Open Offer Under SEBI (SAST) Regulations

Following the underlying transactions, Northvale Capital Partners Private Limited and its Persons Acting in Concert (PACs) have launched a mandatory open offer:

Open Offer Details: Specifications
Offer Size: 60,000 equity shares
Offer Price: ₹10.00 per share
Total Consideration: ₹6.00 lakh
Percentage of Expanded Capital: 26.00% (restricted to public holding)
Mode of Payment: Cash
Offer Type: Triggered offer under Regulation 3(1) and 4

The open offer is being managed by Sobhagya Capital Options Private Limited and covers 100% of existing public shareholding. The offer is not conditional upon any minimum level of acceptance.

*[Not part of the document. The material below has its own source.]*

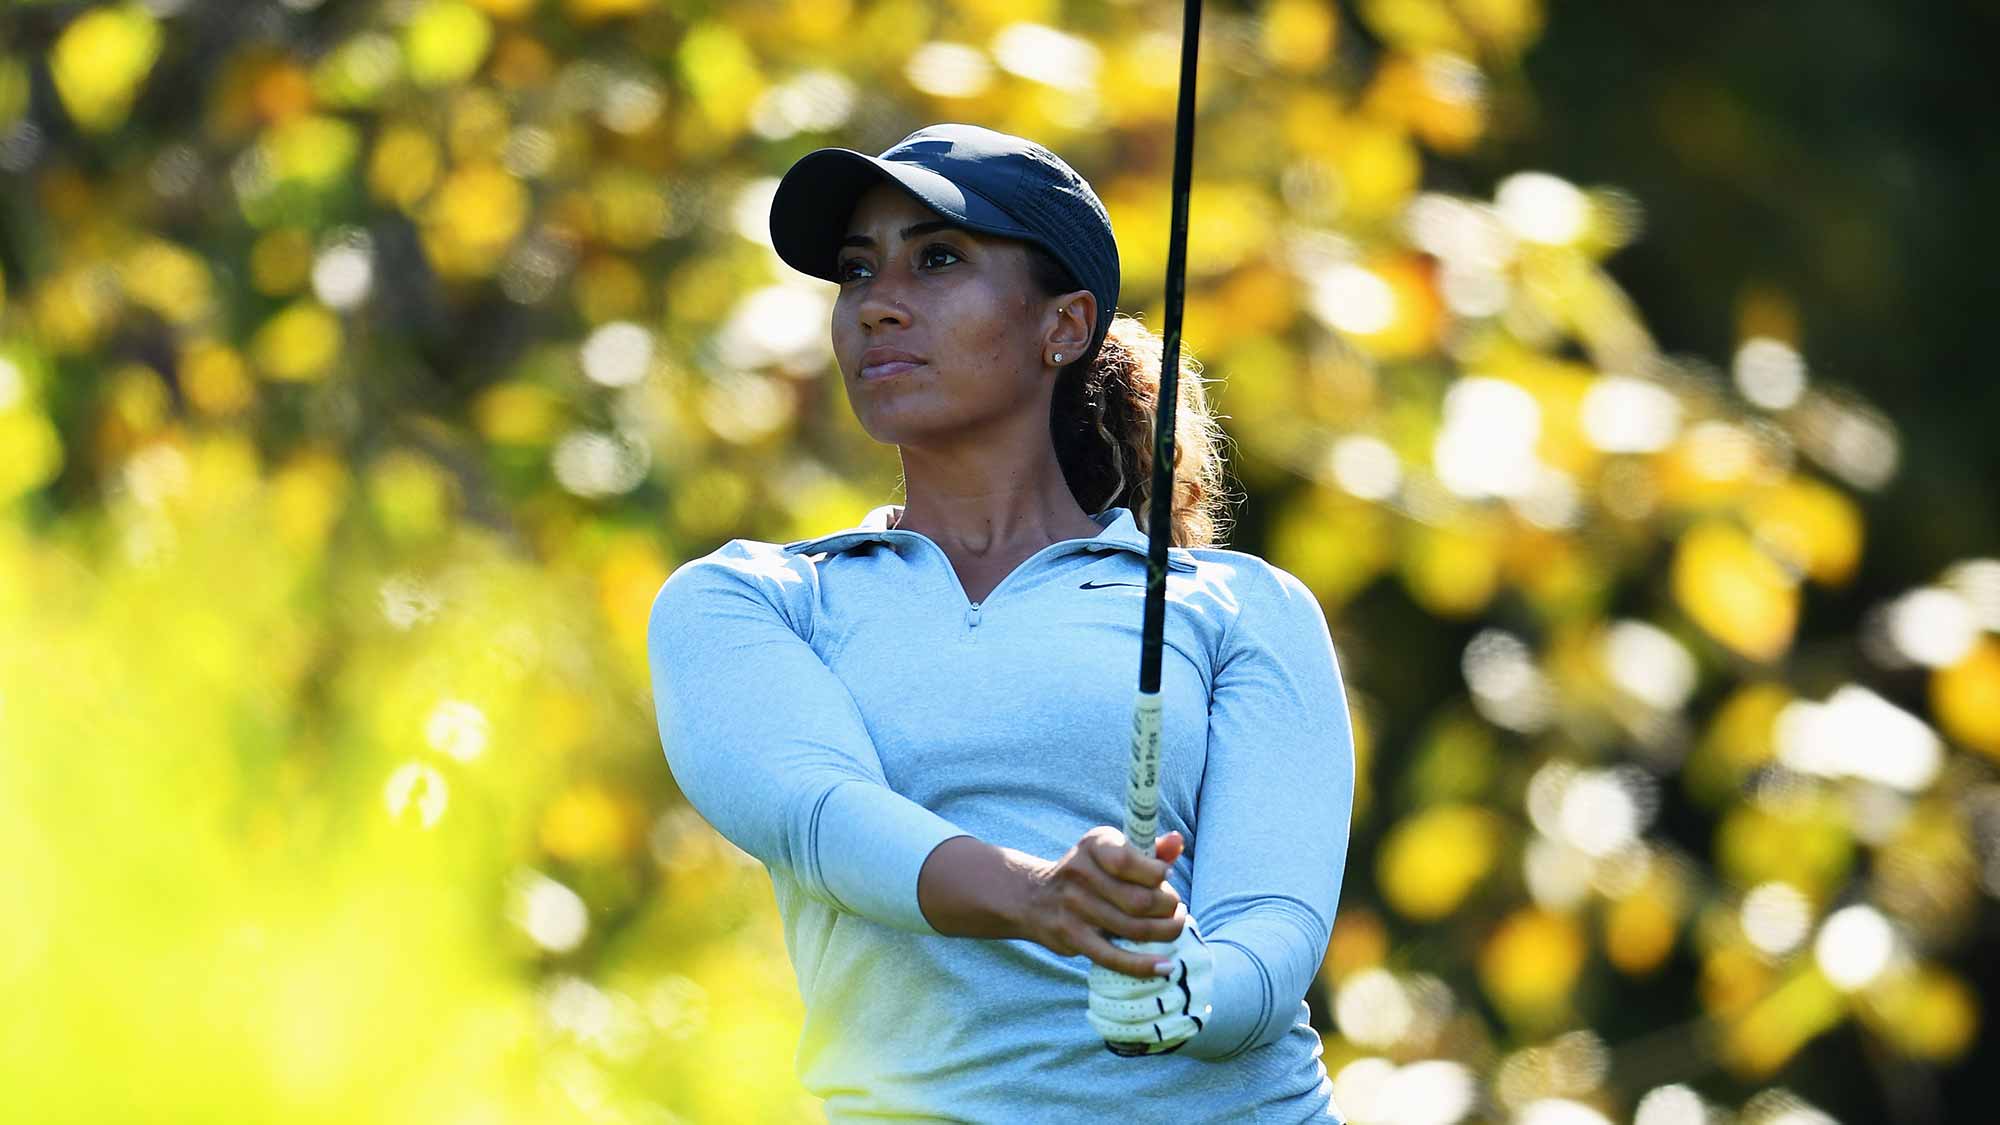 Cheyenne Woods of USA plays a shot during practice prior to the start of the Evian Championship

Share Purchase Agreement and Preferential Allotment

The board has approved a comprehensive transaction involving change of control and preferential allotment:

Transaction Details: Value/Quantity
Share Purchase Agreement: 90,000 equity shares with change of control
Acquirer: Northvale Capital Partners Private Limited, Singapore
Preferential Allotment (Cash): 40,00,000 equity shares
Preferential Allotment (Swap): 19,53,63,212 equity shares
Issue Price: ₹10.00 per share
Total Cash Consideration: ₹4.00 crore
Total Swap Consideration: ₹195.36 crore

Capital Structure Enhancement

Significant changes have been approved to strengthen the company's capital base:

Capital Changes: Current Proposed
Authorized Share Capital: ₹6.50 crore ₹275.00 crore
Investment/Loan Limit (Section 186): - ₹500.00 crore
Expanded Share Capital: 1,50,000 shares 27,05,53,280 shares

Post-Acquisition Shareholding Structure

Following completion of all transactions, the expected shareholding pattern will be:

Shareholder Category: Shareholding Percentage
Proposed Acquirer and PACs: 19,94,53,212 shares 73.72%
Public Shareholders: 7,11,00,068 shares 26.28%

Regulatory Timeline and Approvals

The Detailed Public Statement will be published by December 30, 2025, in English, Hindi, and Marathi newspapers. An Extraordinary General Meeting has been scheduled for January 19, 2026, at 11:30 AM in Mumbai to seek shareholder approval. All transactions are subject to regulatory approvals under SEBI (SAST) Regulations, with completion expected within 12 months of SEBI approval for the open offer.